=== REQUIREMENT ===
Every word in the data below belongs in your copy, exactly as given; the pictures do not.

=== INFORMATION SUPPLIED ===
----

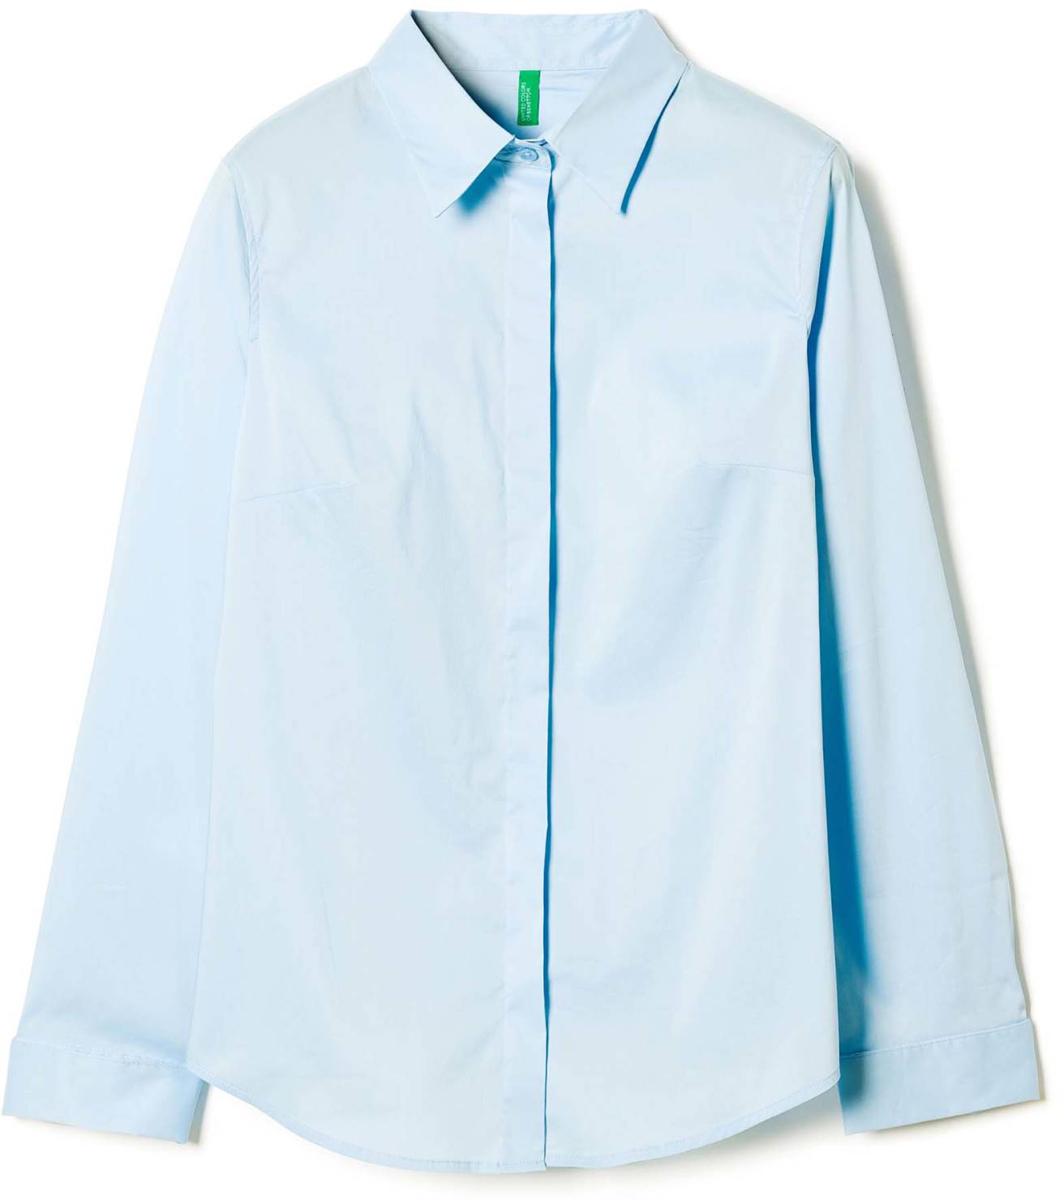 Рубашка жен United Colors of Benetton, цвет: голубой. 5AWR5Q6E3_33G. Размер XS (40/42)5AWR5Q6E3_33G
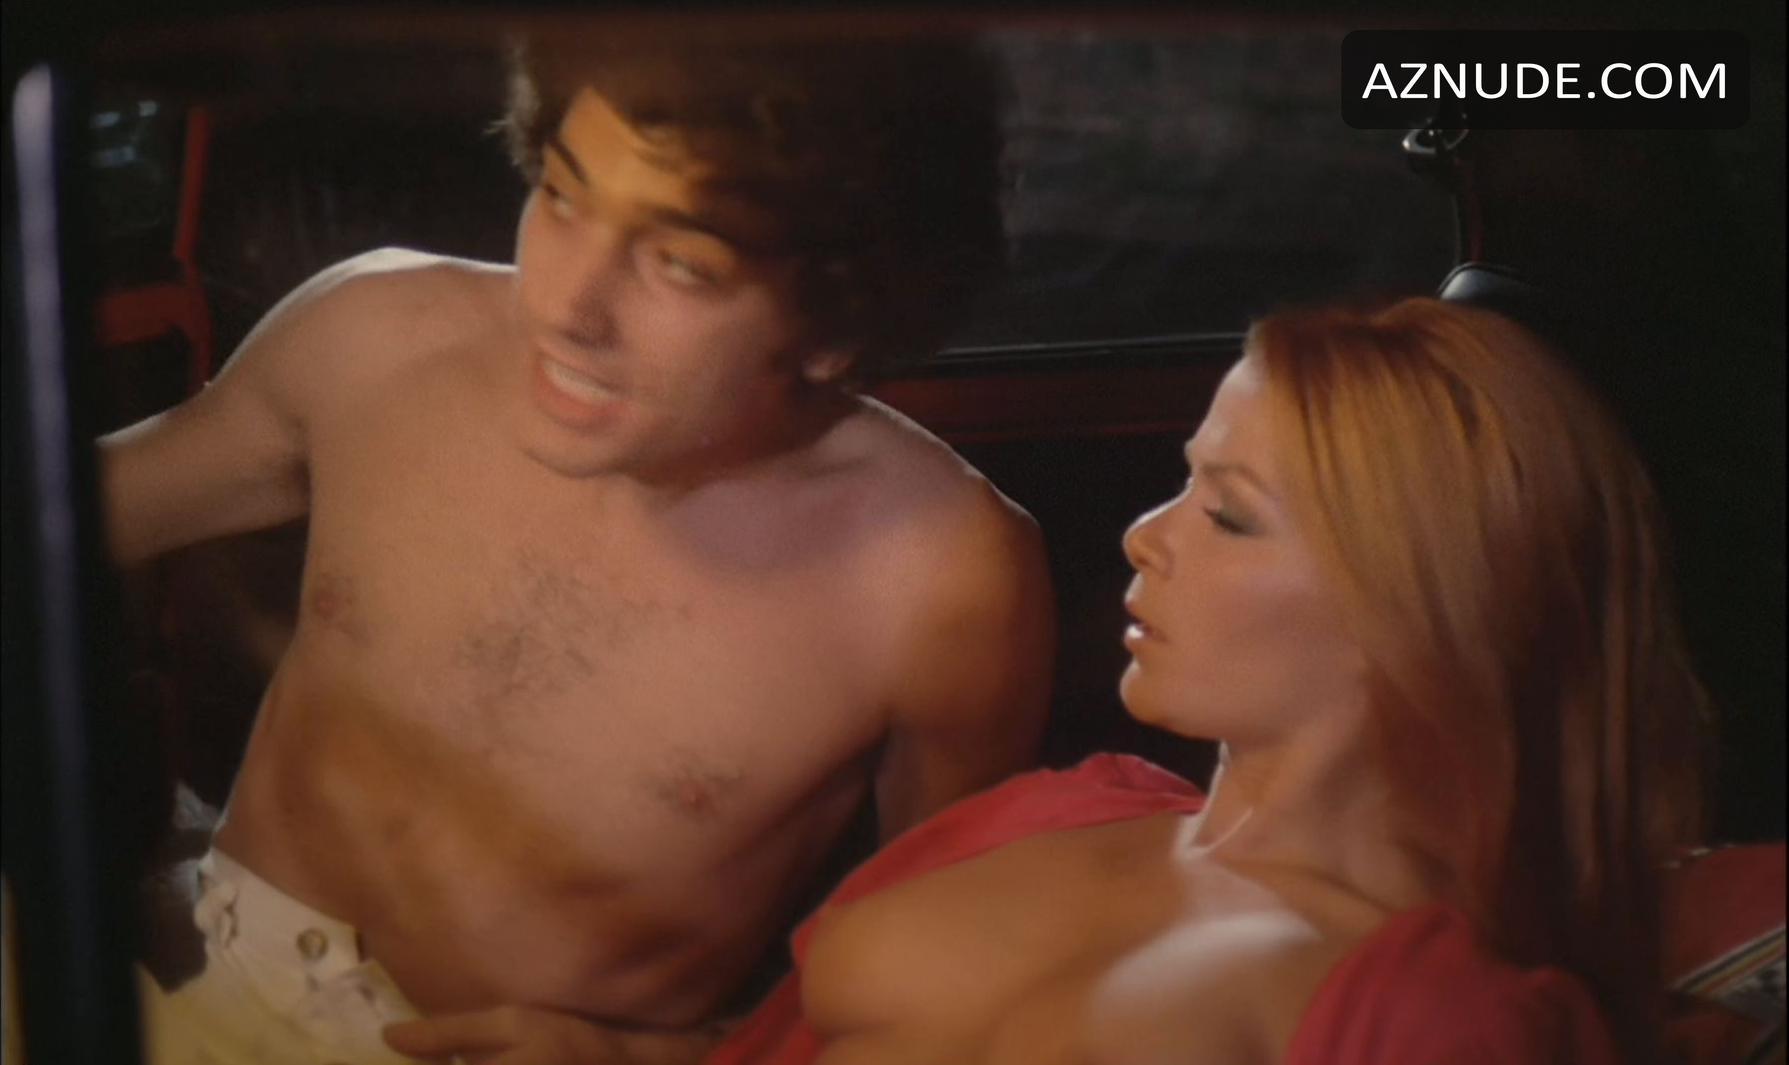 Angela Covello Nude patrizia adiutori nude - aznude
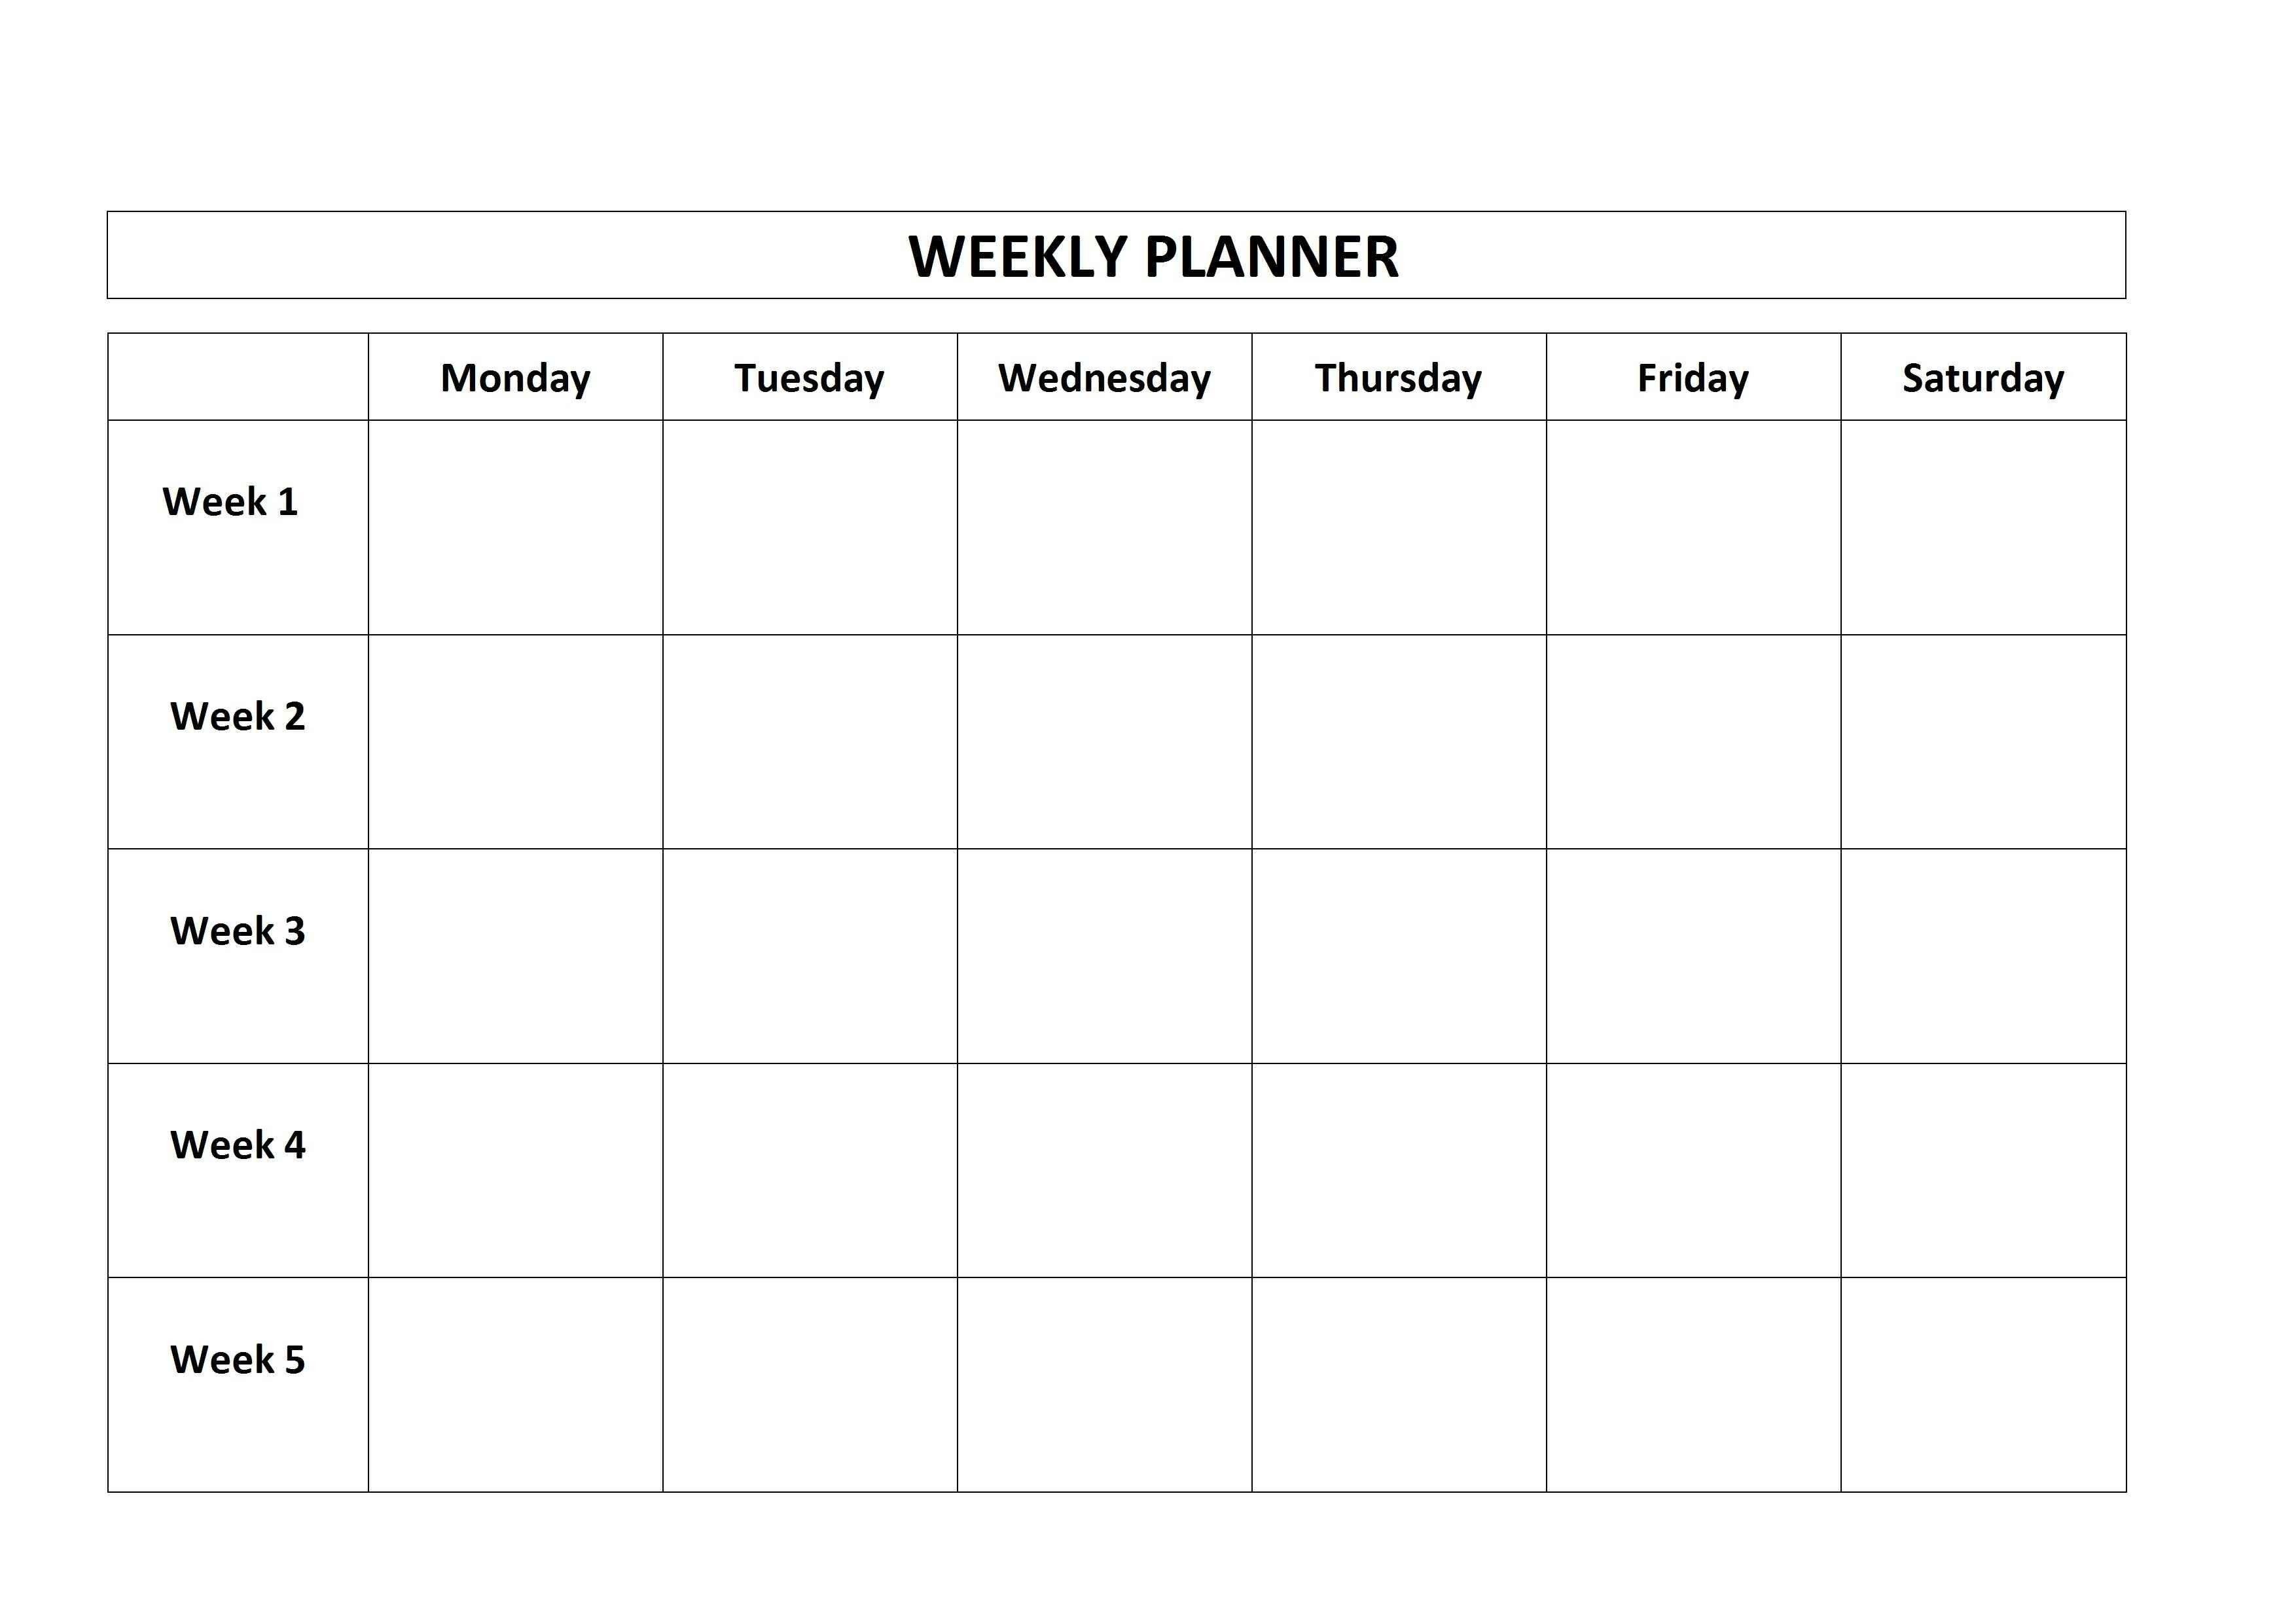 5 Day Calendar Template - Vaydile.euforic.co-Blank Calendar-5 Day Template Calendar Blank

----

=== EXERCISE RESULT ===
 Рубашка жен United Colors of Benetton, цвет: голубой. 5AWR5Q6E3_33G. Размер XS (40/42)5AWR5Q6E3_33G
 Angela Covello Nude patrizia adiutori nude - aznude
 5 Day Calendar Template - Vaydile.euforic.co-Blank Calendar-5 Day Template Calendar Blank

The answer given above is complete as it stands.